公式サイト:itpropartners.com

ITプロパートナーズは、柔軟な働き方を実現するための主軸。会社員を続けながら週 2 日稼働で副業し、徐々に独立するシナリオに最適。

この 2 社で十分な理由

両社の性質は補完的だ。

  • レバテック:案件数で網を広く張る、安定した運用
  • ITプロパートナーズ:柔軟性で柔軟に動く、直請で交渉力

この 2 社を運用しながら、必要に応じて 3 社目(HiPro Tech、テクフリ、ココナラテック等)を検討すればいい。最初から 5 社登録すると、担当者対応に消耗するだけだ。


6. 「複数登録は本当に必要なの?」

これも当然湧く疑問だろう。

結論:最低 2 社は推奨。ただし、最初から 5 社は不要

理由を整理する。

2 社推奨の理由

エージェント各社は、エンド企業との独自関係を持っている。同じ案件が複数エージェントで募集されることもあるが、独占案件・非公開案件も多い。
1 社のみだと、見えていない案件を逃す。

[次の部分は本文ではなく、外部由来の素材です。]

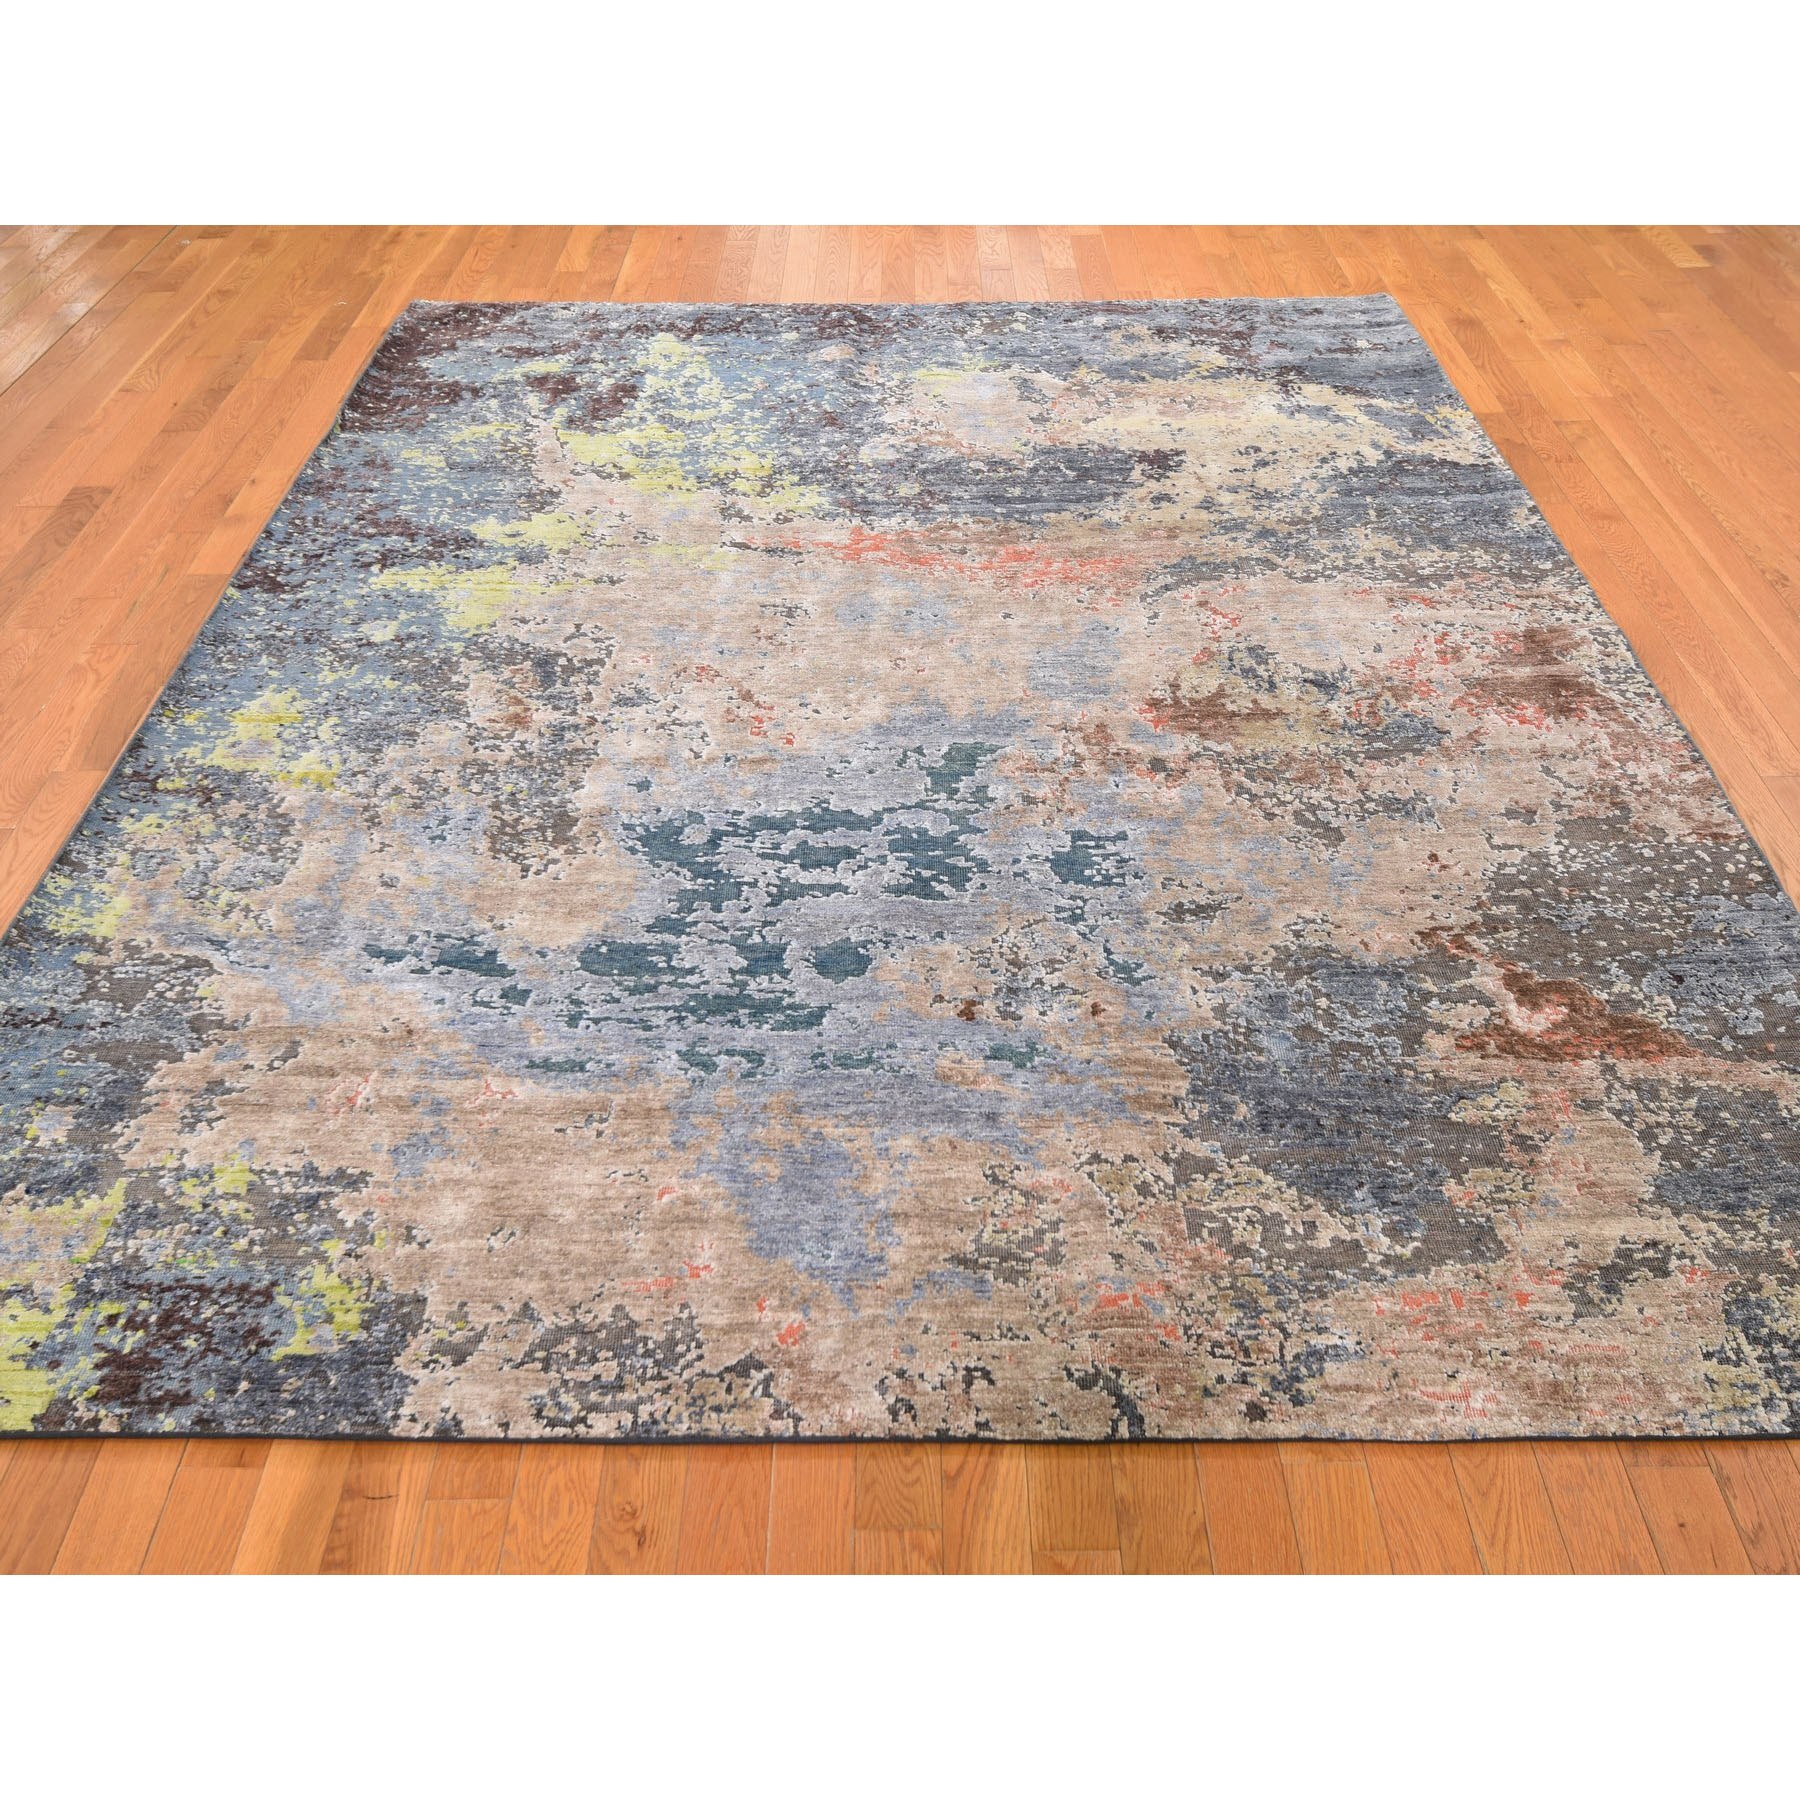 7-10 x10-1  Wool and Silk Hi-Low Pile Modern Abstract Design Hand Knotted Oriental Rug

また、担当者の質にばらつきがあるので、複数の視点から提案を受ける意味も大きい。

5 社以上が不要な理由

エージェント各社は登録後、定期的に連絡を入れてくる。担当者面談の依頼、案件提案、状況確認。
5 社登録すると、これだけで月数時間が消える。あなたは選ぶ側に立つべきで、対応に追われる側ではない。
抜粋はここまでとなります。